Saturday, 16 January 2010

SMS in the MFL classroom (or MfL in MFL)

I have written 2 posts recently about using mobile telephones in the classroom. One on this blog and one for José Picardo's box of tricks site.

In the boxoftricks post I outlined my plans for using mobiles in different ways this term.
This week I finally took the plunge and planned an activity to which my Year 11 students (16years old) could text their answers.

The lesson I chose to do this was also observed by the LA MFL inspector. So, no pressure there, then.

I planned a range of activities which the students could complete using their mobile phones.

Firstly, they wrote and practised dialogues in French, which they then filmed (although the more self-conscious students used their voice recorders instead. The cowards!)

Secondly, they sent their work to my laptop by bluetooth which we played back in order to do some peer assessment.

Thirdly, I created an exercise using to which the students sent their answers via SMS. When I was setting up the exercise I chose the option allowing students only one vote per telephone. Their answers then appeared in a graph on my interactive whiteboard.

You can see the results here:
Was it successful? I hear you cry.

Well, yes, of course it was. In some ways. (The correct answer was 1783, chosen by only 20% of the students. They were so keen to send off their texts, they didn't read the questions properly!)
The inspector was impressed by my use of technology: "Mobiles for Learning" he called it. Perhaps that is what MFL really stands for?

The students loved it and asked if they could do it every lesson.

I like smspoll it's good, but not perfect.

Obviously, the brains behind smspoll didn't intend for it to be an MFL classroom application but with a few tweaks it could be.

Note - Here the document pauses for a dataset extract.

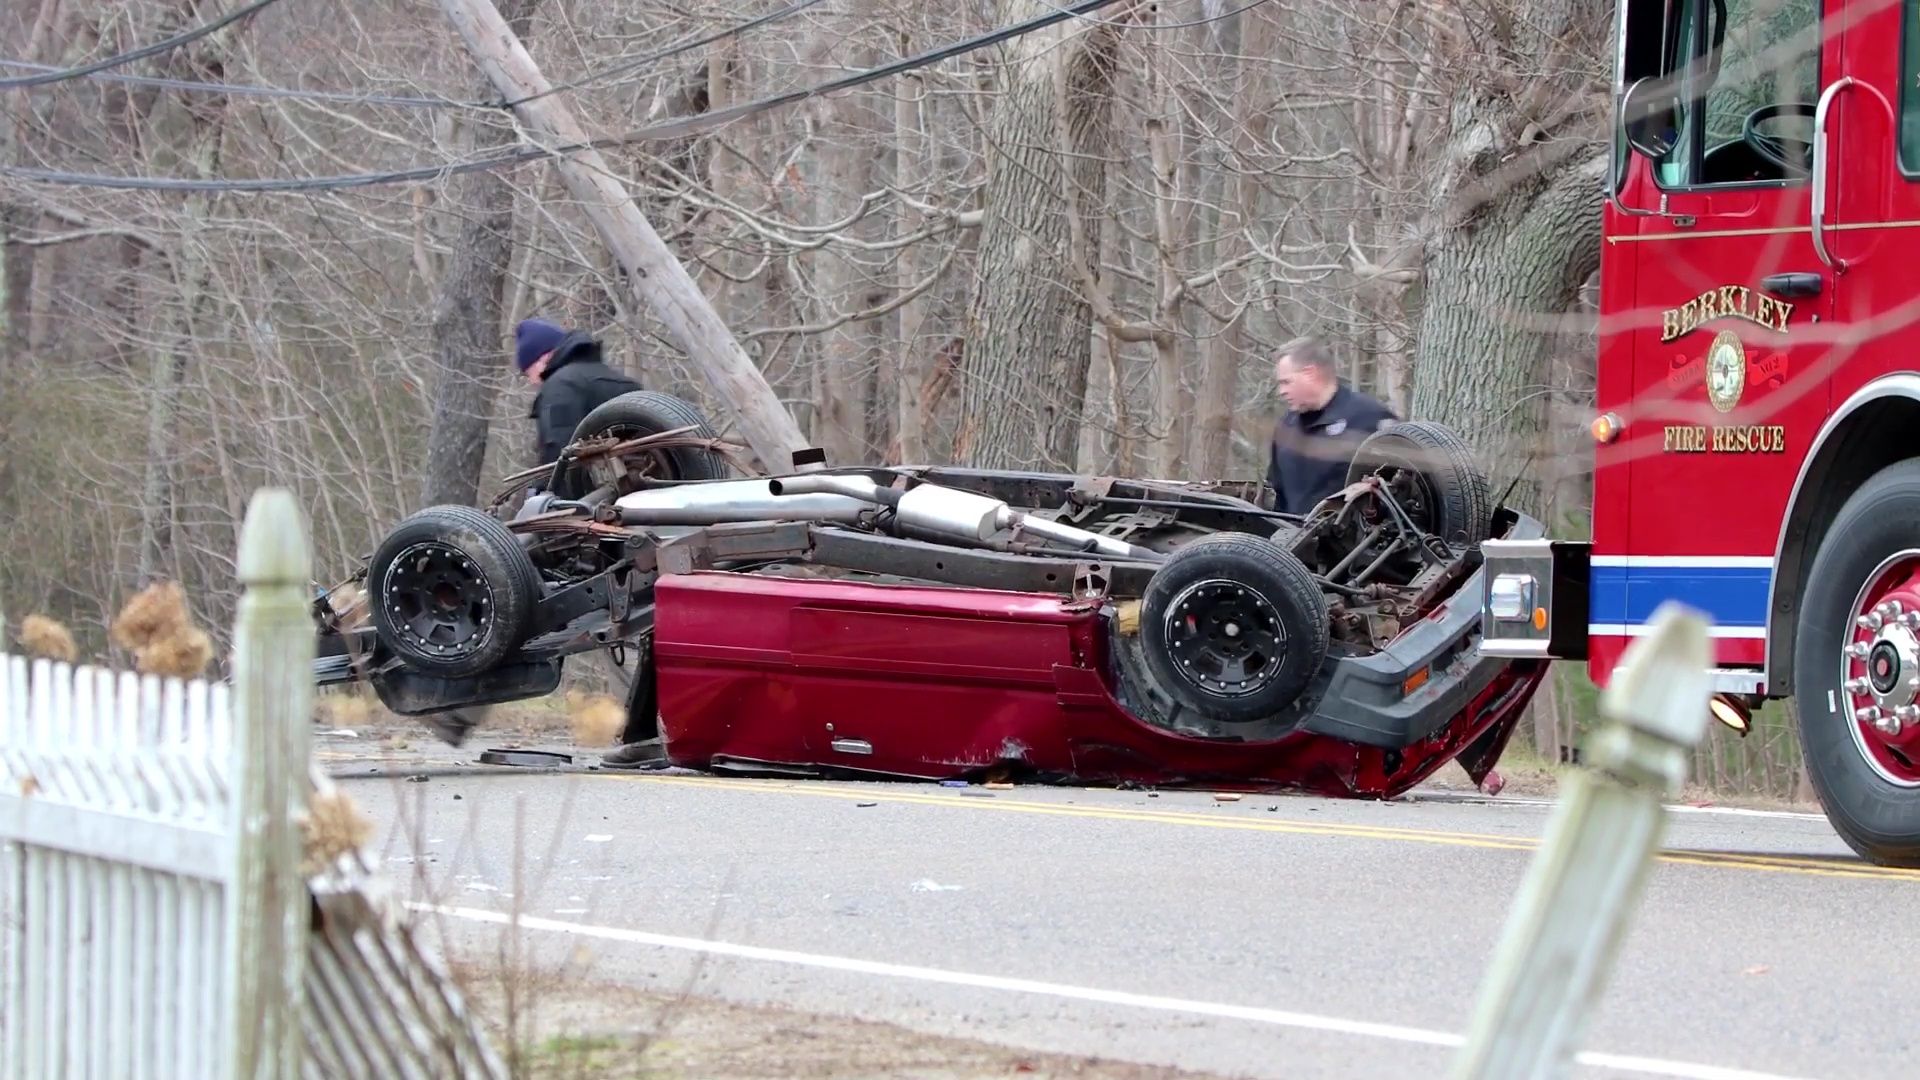 Victims identified three weeks after deadly car crash in Bedford County

Firstly, you can only offer multiple choice questions.

Secondly, as far as I can make out, it will not allow you to use foreign language accents and characters. It was quite difficult for me to find answers for the task which didn't have "é" in them. It does let you enter them, but they appear as a blank space in the results.

Thirdly, the students are charged each time they send a text, unless (like all students in this particular class!) they have a contract which gives them unlimited texts.

Having said that, I shall definitely use it again.
And while I'm in a technological mood, I think I'll take a look at polleverywhere, too.
Watch this space.

Friday, 8 January 2010

Using technology in the MFL classroom

Recently, José Picardo invited some MFL teachers to write guest posts for his box of trickswebsite. The idea behind this was to focus on practice, promoting and encouraging the use of ICT in practical ways. Some amazing practitioners have already had their work published over the last couple of weeks and I was both surprised and flattered when I was asked to contribute.

So far José has published posts by:

Amanda Salt. Her post Looking back and moving forward is about the success of her PLN and how she has enhanced her teaching by using web applications.

Isabelle Jones. Her post was supporting assessment for learning. In it, Isabelle reviews some commercially available applications and assesses how they may be used to support AfL.

Simon Howells offering was using Google maps in the mfl classroom. I recently started to follow Simon on twitter and I have been impressed by his enthusiasm, his blog and his storybirds.

Helena Butterfield's post was based on the presentation she gave at TMNE09-2 and entitledtools to get pupils talking. In her post, Helena recommends some equipment and web applications which she has used with her students and which have improved their speaking skills.

My post was about using mobile phones in the classroom. I wrote about activities I have done with my students in which they used their mobile telephones and about my plans for the future of mobiles in my classroom.

Marie-France Perkin's post was fantastic. She wrote about her journey into the www and how technology has changed so much since she started her teaching career and helped her and her students to achieve much more.

In her post, using technology to enhance learning, self-confessed (or is that self-diagnosed?) "technochick" Lisa Stevens wrote about why she incorporates technology into her learning and how technology has enhanced learning in her classroom.

In Saira Ghani's post a word or two about wordle, she reflects on how her PLN has had a positive effect on her teaching and how it has inspired her to incorporate some of the tools she has discovered, focussing mainly on wordle, into her teaching repertoire.

Next comes Mary Cooch and her post German: OFF the curriculum but ON the VLE tells how by means of her school's VLE (which I believe she created) she managed to teach German GCSE successfully even though the school has taken that language off the curriculum. Fascinating and inspiring.

Finally, the most recent of the guest posts comes from Samantha Lunn. Her post simple but effective is a wonderful explanation of how she uses available technology simply and effectively in her daily teaching and in her preparation. Excellent advice for everyone.

So far, that is it. Each of the posts is interesting, educative and could be tried by almost anyone who is willing to put in the effort and step out of their comfort zone.

I'm sure that José will add more posts as he receives them and even without guest posts, his own work is worth reading on a regular basis, anyway. It is one of the best blogs you could possibly read.